Menschenmassen und Aktivisten verleiden einen den Museumsbesuch, meint Alastair Sooke im britischen "Telegraph". "Viele Museumsbesucher werden sich mit Schrecken daran erinnern, wie sie sich durch überfüllte 'Blockbuster' gekämpft und dabei spitzen Ellbogen ausgewichen sind, oder wie sie durch endlose Galerien gelaufen sind, gedrängt von glasäugigen Schaulustigen, in dem hoffnungslosen Bemühen, eine berühmte Sammlung im Ausland zu sehen (als ob ein paar Sekunden vor einem Gemälde oder einer Skulptur zu stehen, bevor man weitergeht, als Beschäftigung mit der Kunst in irgendeinem sinnvollen Sinne zählen würde)." Als Lösung könnte eine Individualisierung stehen: dass Museumsbesucher in der Lage sind, das Besuchserlebnis selbst zu definieren. "Indem sie ihre Sammlungen vollständig öffnen", erklärt der Berater András Szántó, "'geben die Museen dem Betrachter viel mehr Handlungsspielraum, um zu definieren, wie seine Erfahrung im Umgang mit Kunst aussehen könnte'. Er argumentiert, dass diese Idee der 'Eigenverantwortung' zunehmend an Bedeutung gewinnen wird: 'Ich kann mir eine Zukunft vorstellen, in der Sie ein Museum, das Sie in einer Woche zu Ihrem Geburtstag besuchen werden, bitten, eine Ausstellung für Sie und Ihre Gäste in einem Raum zusammenzustellen. Das klingt kompliziert, aber vielleicht ist es machbar. Darüber hinaus bietet der virtuelle Raum seiner Meinung nach die Möglichkeit einer 'endlosen Individualisierung' und einer 'Verschmelzung des Museums zu einer Art Supermuseum': 'Wenn wir im Metaversum qualitativ hochwertige, befriedigende Besichtigungserlebnisse entwickeln - und vielleicht weist uns das [neue Vision Pro] Headset von Apple ein wenig in diese Richtung -, gibt es keinen Grund, nur ein Museum in diesem virtuellen Raum zu besuchen. Ich kann mir eine Zukunft vorstellen, in der wir so etwas wie einen Souk besuchen können: ein Dorf von Museen im virtuellen Raum, in dem man diese Straße hinuntergeht und in der Eremitage [in Sankt Petersburg] ist, oder jene Straße, in der man in der Tate ist".

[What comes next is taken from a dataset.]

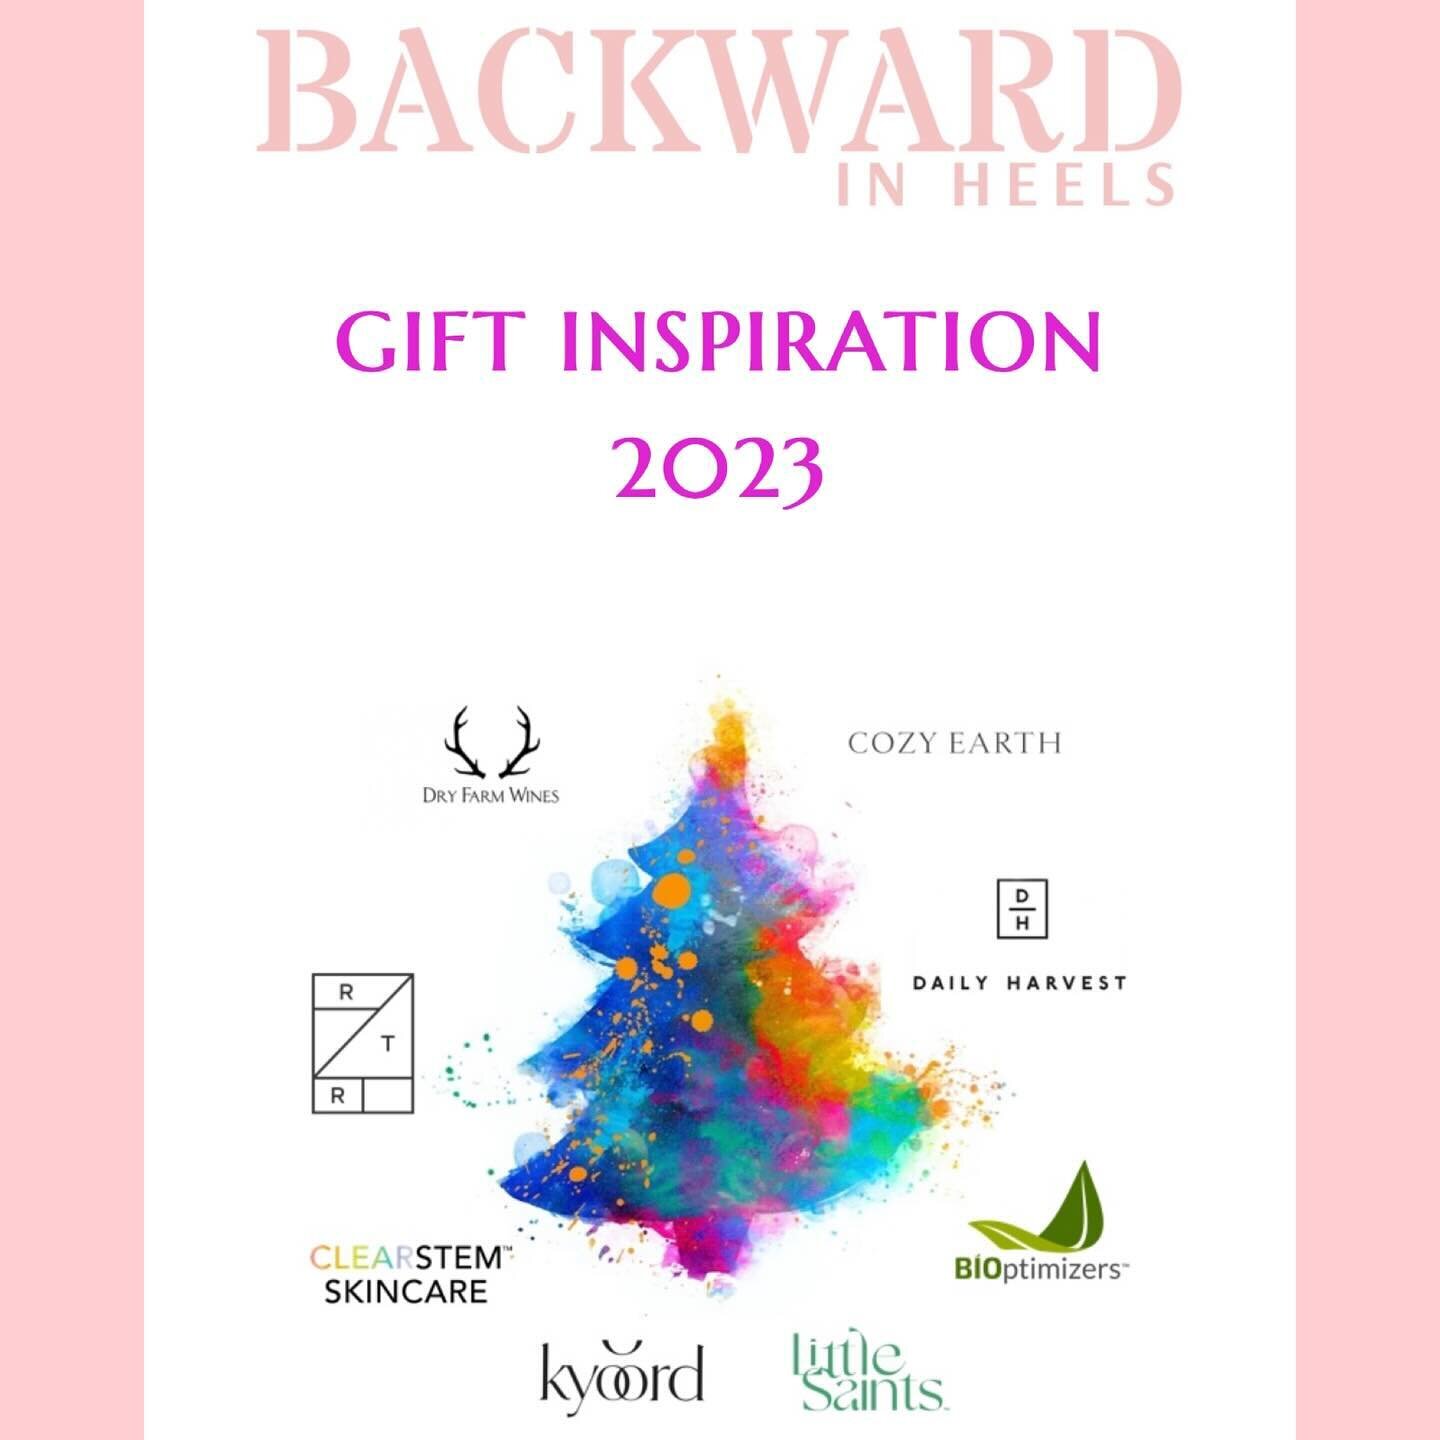 Embarking on the holiday season with a spirit of giving, I&rsquo;ve compiled a collection of beloved brands that have become integral to my daily routine. Exclusively for my Backward In Heels community, I&rsquo;ve secured special discounts on these f

Aimee Dawson schaut im "Art Newspaper" auf Social-Media-Agenturen in der Kunstwelt - und die spezielle Problemlage bei Museen. "Der belgische Digitalkreative Van Mierlo betreibt den preisgekrönten Social-Media-Account The Gaze und arbeitet seit 2023 als freiberuflicher Content Creator mit Museen wie der Royal Academy of Arts in London und dem Munch Museum in Oslo zusammen. Er ist ebenfalls der Meinung, dass Kunstorganisationen großartige Geschichten haben, aber oft Schwierigkeiten haben, sie zu erzählen. 'Die Art und Weise, wie man eine Geschichte in einem Museum, in einer Broschüre oder in einem Buch erzählt, unterscheidet sich völlig von der Art und Weise, wie man eine Geschichte für ein Online-Publikum erzählt', sagt er. 'Ich glaube, dass es vielen Museen und Institutionen an diesem speziellen Fachwissen im Bereich des Online-Storytellings mangelt.' Er glaubt, dass einer der Gründe, warum diese Nischenspezialisten entstanden sind, darin liegt, dass die Kunstwelt ihre eigene Sprache, Geschichte und ihren eigenen Kontext hat. 'Eine gute Geschichte ist eine gute Geschichte, ganz gleich, um welches Thema es sich handelt, aber natürlich braucht man ein fundiertes Wissen über die Kunst, um eine Geschichte darüber zu erzählen', fügt er hinzu."